The contrasting support for An and Biles could not have been starker. In an earlier competition during the Games in Paris, Biles was memorably cheered on by a host of celebrity supporters in the standsincluding Lady Gaga, Ariana Grande, Tom Cruise and Snoop Dogg. Thousands of punters yelled her name on Saturday, too.
An, meanwhile, received only polite appreciation from the neutrals. She had no compatriots in the room, since ordinary North Koreans are prevented from leaving their country.
It is unlikely that anyone was watching at home, either, as the Games are not being televised live in North Korea, according to Radio Free Asia (RFA). And BBC Monitoring has only been able to find a handful of text reports in the tightly-controlled state media.
Nonetheless, “the chattering class of Pyongyang certainly will, from one source or another” know the Olympic results as they come in, said John Everard, the UK’s ambassador to North Korea from 2006 to 2008.
An is among 16 North Korean who athletes have come to an opulent host city that could hardly be more different to the austere Pyongyang airport in which they were filmed setting off last month.
Top North Korean athletes were likely to have some awareness of the outside world, said Everard, but there was still likely to be a “shock factor”.
One of the viral moments of the Games so far was a rare encounter that seemed to break the boundaries: when a bronze-winning South Korean table-tennis player took a selfie that showed his mixed-doubles partner posing alongside the silver-winning North Korean duo.
Would the leadership in Pyongyang have anticipated – or relished – this brief symbol of unity between two nations who are still technically at war?
Agreeing to the selfie was “a message” from the North, said Prof Pachedo Pardo, who speculated that the move would have had Pyongyang’s consent. “North Korea is indicating that it doesn’t have a problem with South Korean people – that the issue it has is with the South Korean government.”
At any rate, the moment was not totally unexpected, after something similar in 2016. And two years later, North and South fielded a joint women’s ice hockey team at the Winter Games in the South.
The selfie represents one of the North’s few visible interactions with the outside world during the Games, including a perfunctory press conference by the two table-tennis stars.
Away from the stadiums, unverified footage has appeared to show An holding a collection of pin-badges, which are reported to be an item popularly traded by international gymnasts.

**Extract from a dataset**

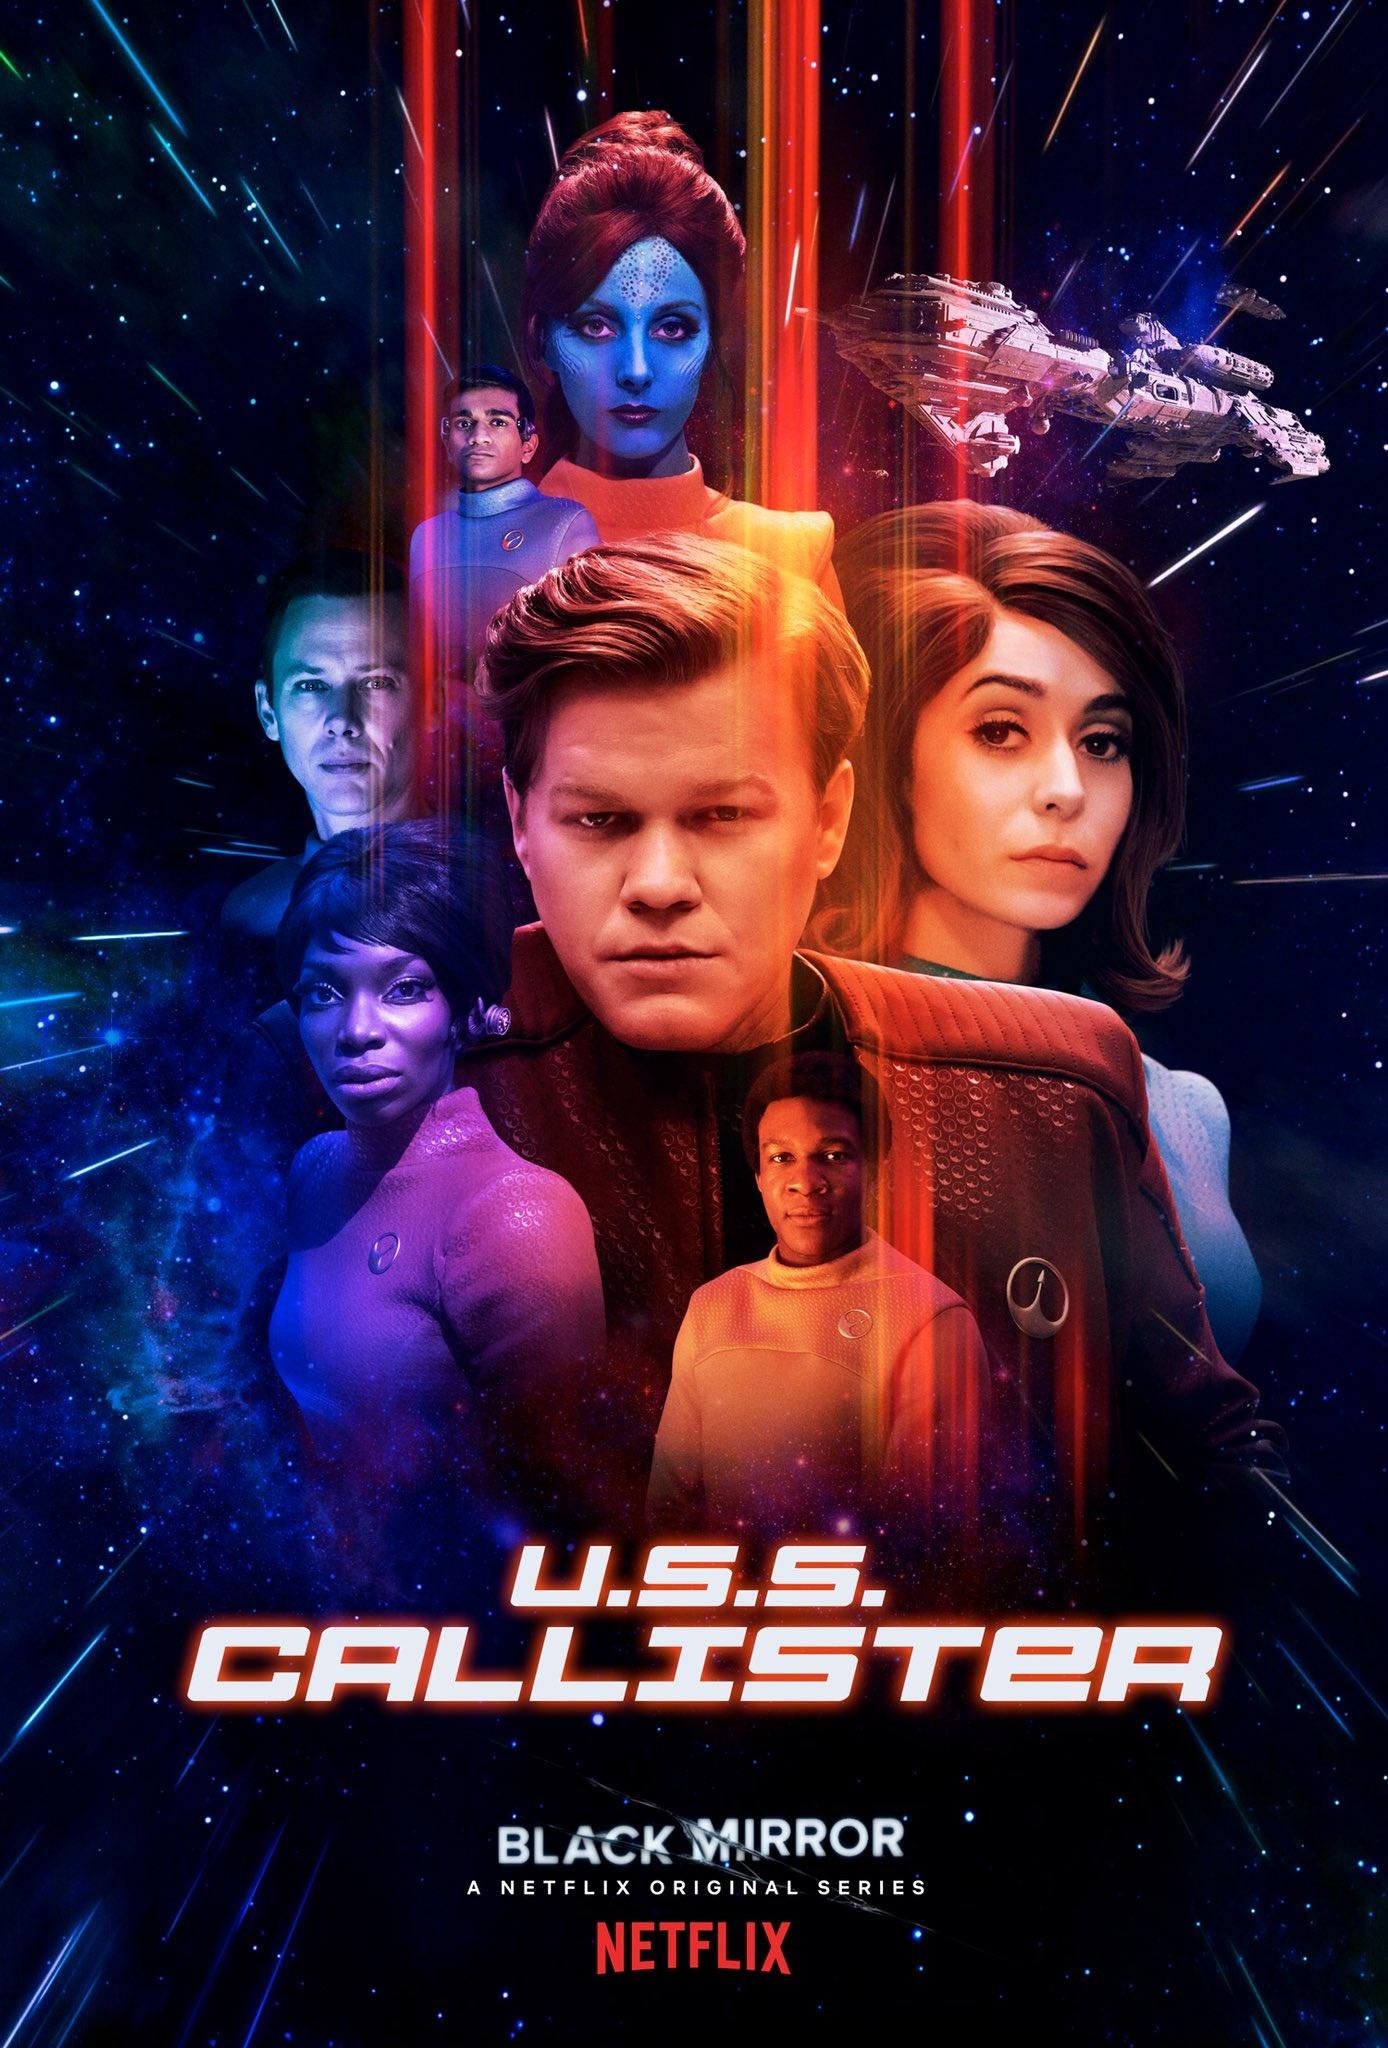 https://seriesaddict.fr/images/galerie/originals/Black-Mirror/Posters-saison-4/Poster-USS-Callister-Black-Mirror-Saison-4.jpg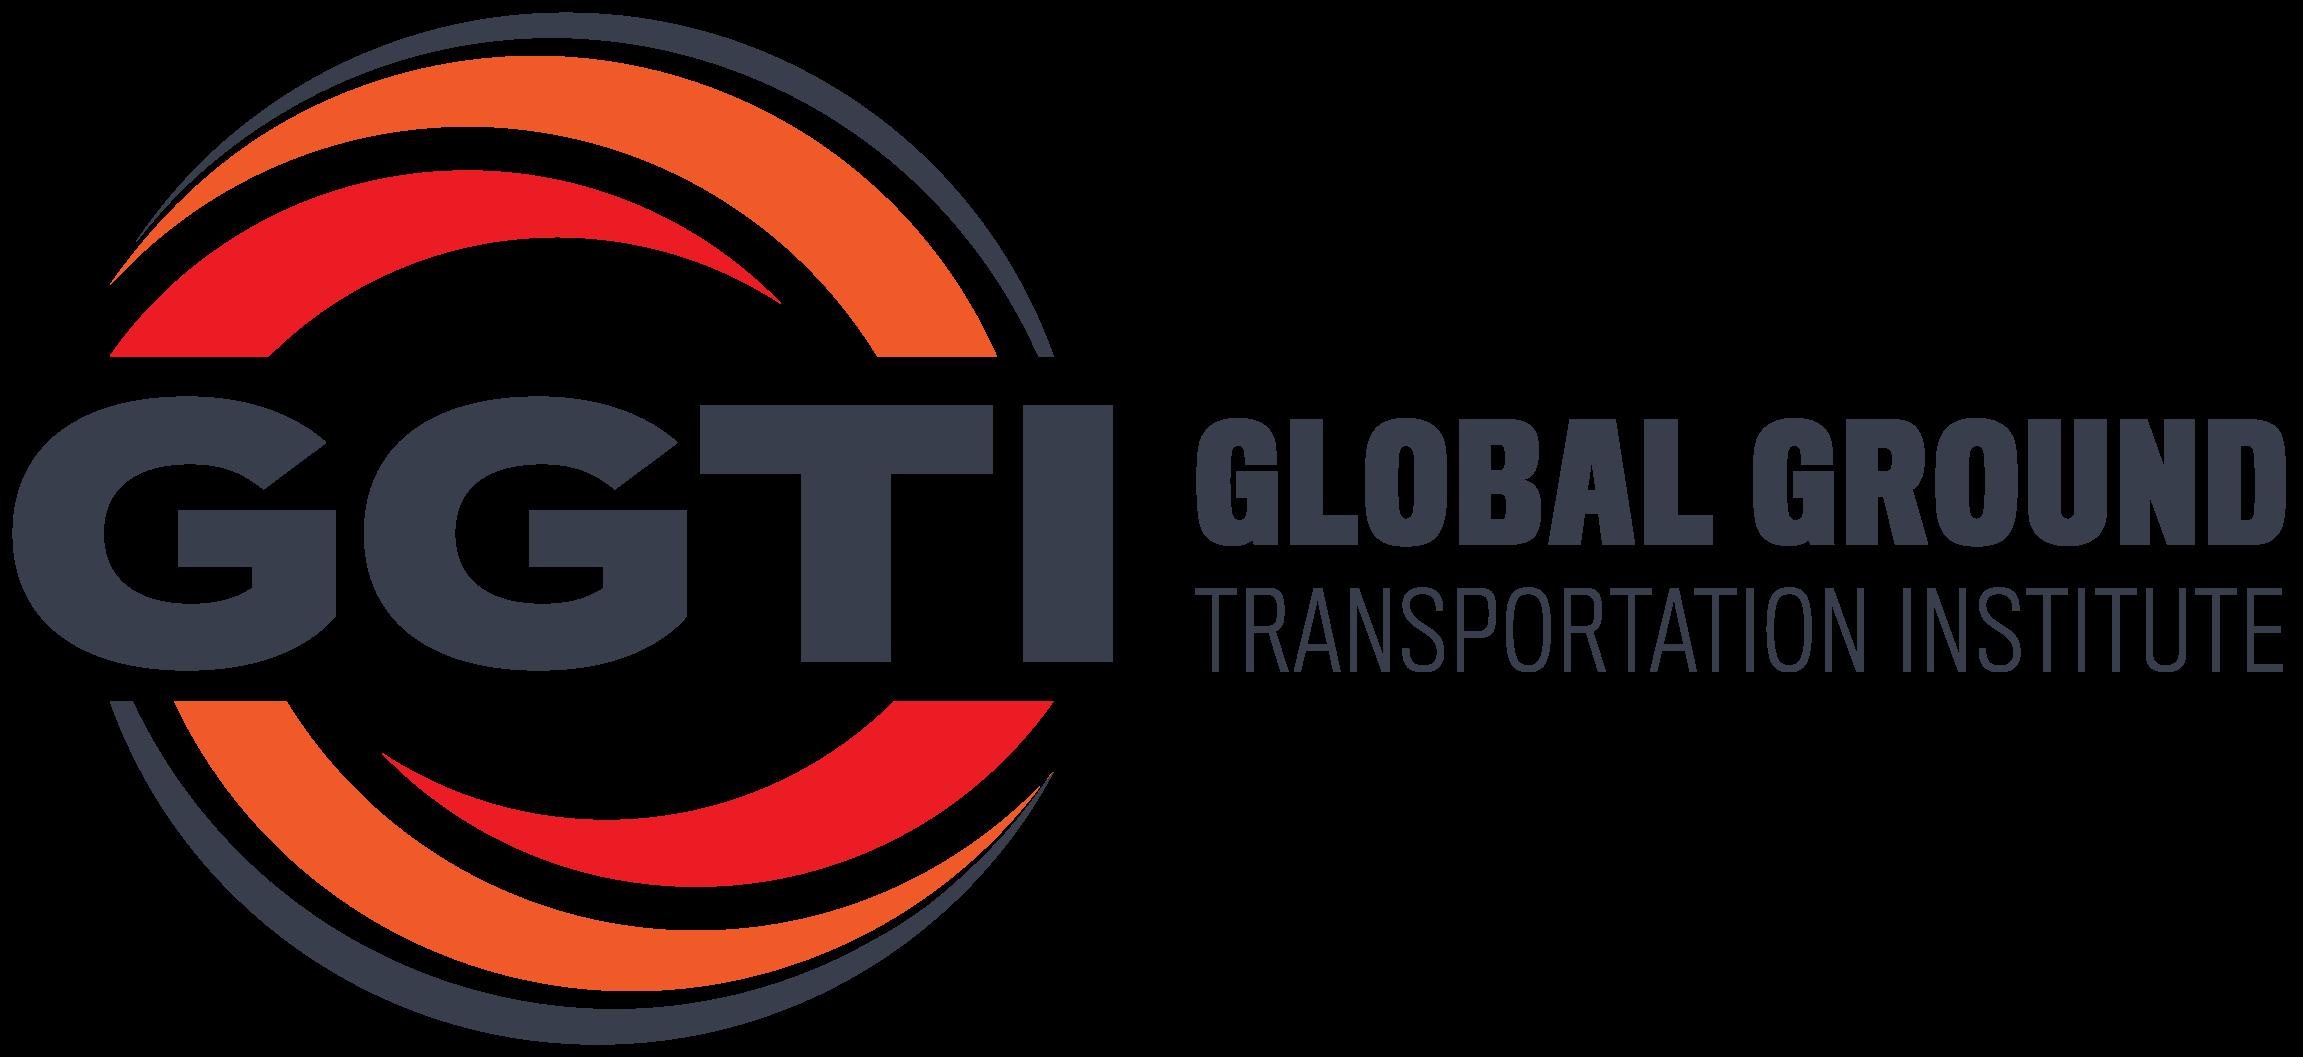 Global Ground Transportation Institute

After so much exposure to the Western world, the athletes will probably undergo a gruelling “debrief” after returning home to ensure they stay on-message, said Lee, who is also the co-host of the BBC World Service’s Lazarus Heist podcast.
Contrary to the myth, any athlete deemed to have “failed” would probably not be punished, the analysts agreed. But they could face gruelling “self-criticism” sessions.
“The big hit for not winning a medal isn’t so much the punishment, it’s that you don’t gain all the benefits that you could have gained,” said Everard. Victorious athletes may be given higher status in society and even prizes such as a new home.
It remains to be seen whether this latest sporting diplomacy will translate into meaningful new talks between the two Koreas. The relative bonhomie in Paris was briefly imperilled at the outset by a furore when organisers mixed up the two nations’ names in the opening ceremonyfor which they apologised.
Outside the Bercy Arena after Saturday’s gymnastics, one fan from the Seoul side was not convinced the politics would change much.
But she said the sight of sportspeople sharing a stage was at least a reminder that all Koreans were united by something “human”.